Anyway, I found Cowspiracy (or it found me, maybe). I asked my husband if he would be willing to watch it with me. He had not completely understood my obsession, but he did want more information on what I was getting into and why. We hit play and approximately an hour and a half later, my husband turned to me and said, “Well, it looks like I’m going vegan too” and that was that.

This was approximately late April 2016 and we were getting married May 21st. Our wedding was already mostly planned (including food and cake and whatnot) and we had already booked a non-refundable, all-inclusive beach resort honeymoon. We decided that we needed no extra stress for the month of May, so we decided to use May to research veganism and to use up any food we had that contained animal products.

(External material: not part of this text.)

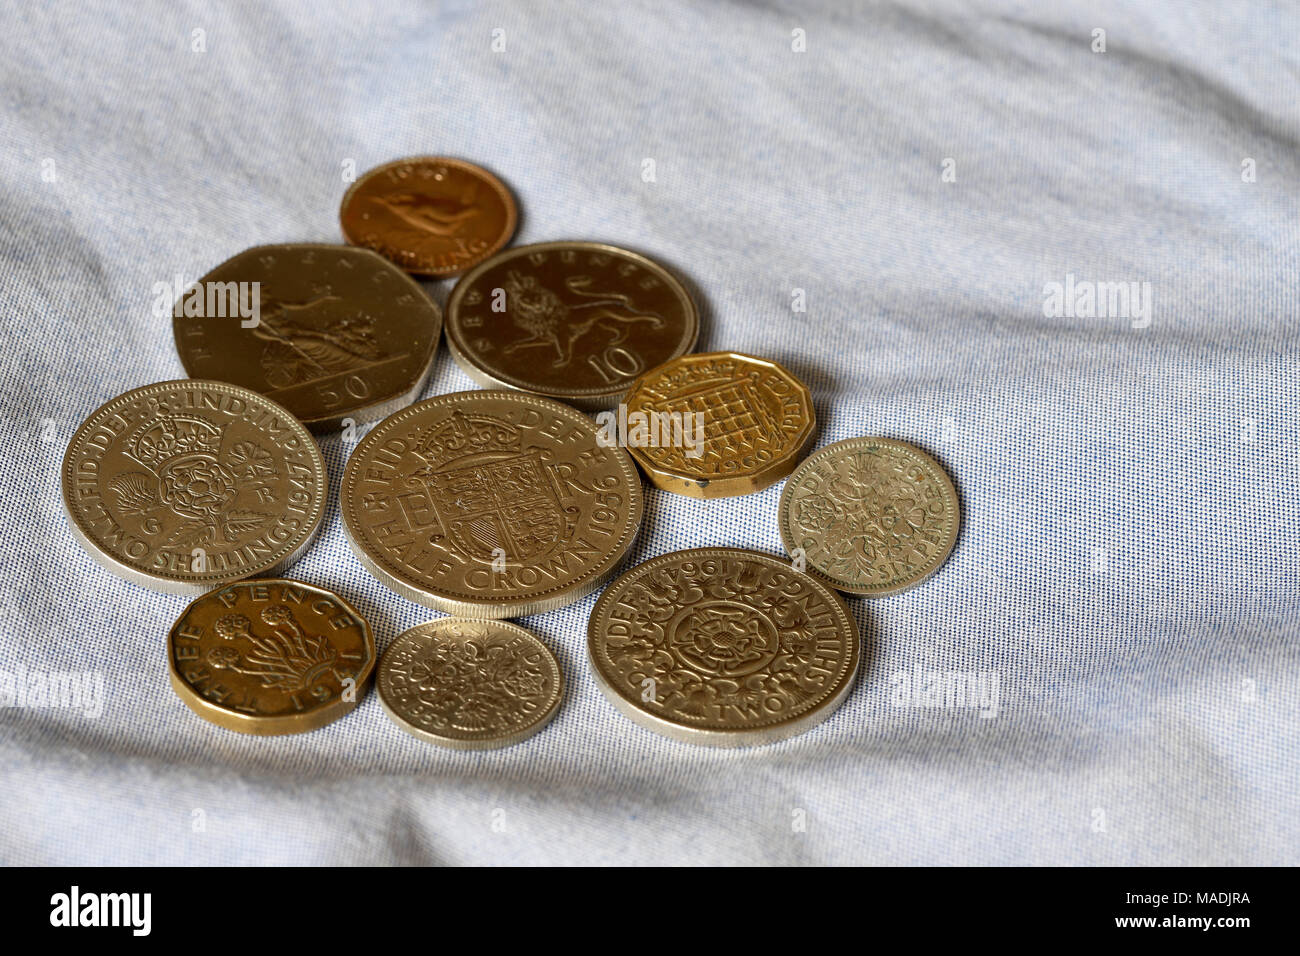 Die britische Identität und Nostalgie für die Vergangenheit. Münzen aus der Dezimal- und frühen dezimal Epochen einschließlich der Hälfte der Krone und zwei shilling Stücke. Stockfoto

On June 1st, 2016, we took the plunge and we have never looked back. Our eyes have been opened and we now feel so connected to the world around us. We may have slipped here and there, mostly unintentionally, but we have never regretted making this decision that has changed our lives for the better.


“WHY VEGAN?”

It’s a question I have heard time and time again since I first went vegan back in June of 2016. “Why in the world would somebody choose to be vegan?” The longer I’m vegan, the longer I have to wonder why on earth anybody would choose not to be. The reasons to go vegan are numerous, but these four reasons are at the top of my list. ​
For the animals: There is no difference between the animals in your home and the animals on your plate. Animals are my number one reason for living and advocating for a vegan lifestyle. Farms are far from the ideas we were given as children of Old McDonald and his smiling cows and piglets. The reality is that the animals that are raised for slaughter, regardless of how “humane” packaging may tell you it is, live sad lives in horrible circumstances. Tears stream down my face when I think of rape racks, chick culling, leather, animal transportation, cramped spaces, testing for beauty and hygiene products, babies torn from their mothers, and so much more. Many of the animals are slaughtered while they are still babies. It breaks me. These animals are the reason I refuse to be silent.

Vegan Action puts it more eloquently than I ever could. 
For the planet: Veganism is literally a change for a better world. While many people go vegan for the animals, many others go vegan for the planet (my husband included). Deforestation, soil depletion, and increased air and water pollution are all direct results of animal agriculture. Going vegan can literally save the planet.
(Source: Science Mag)
For others: Of all the reasons to go vegan, this one shocked me the most. If you do not choose to go vegan for the animals or for the planet, how about for other humans? 70 percent of the grain grown in the US feeds livestock. That is the hard truth. It is also estimated that 700 million tons of food that could be consumed by humans goes to livestock each year (Source: Global Citizen). There is more than enough food to feed all of the humans on the planet and then some. However, by choosing to use so much of our crops to feed livestock so that they can then be murdered to become somebody’s meal, we are cutting the available food we have significantly. People are literally starving to death while humans feed their crops to animals so that they can have a steak dinner and some ice cream.
For myself: I am thriving on a vegan diet and lifestyle. My body has never felt more energized. Being mindful of what goes in and on my body has made me the healthiest I have been in my life. Take a look at The China Study or watch Forks Over Knives if you don’t believe me. I do not have a nutrition degree, nor have I attended medical school, so I can only speak of what I have experienced. I am now feeling more alive than when I adhered to an omnivore diet/lifestyle.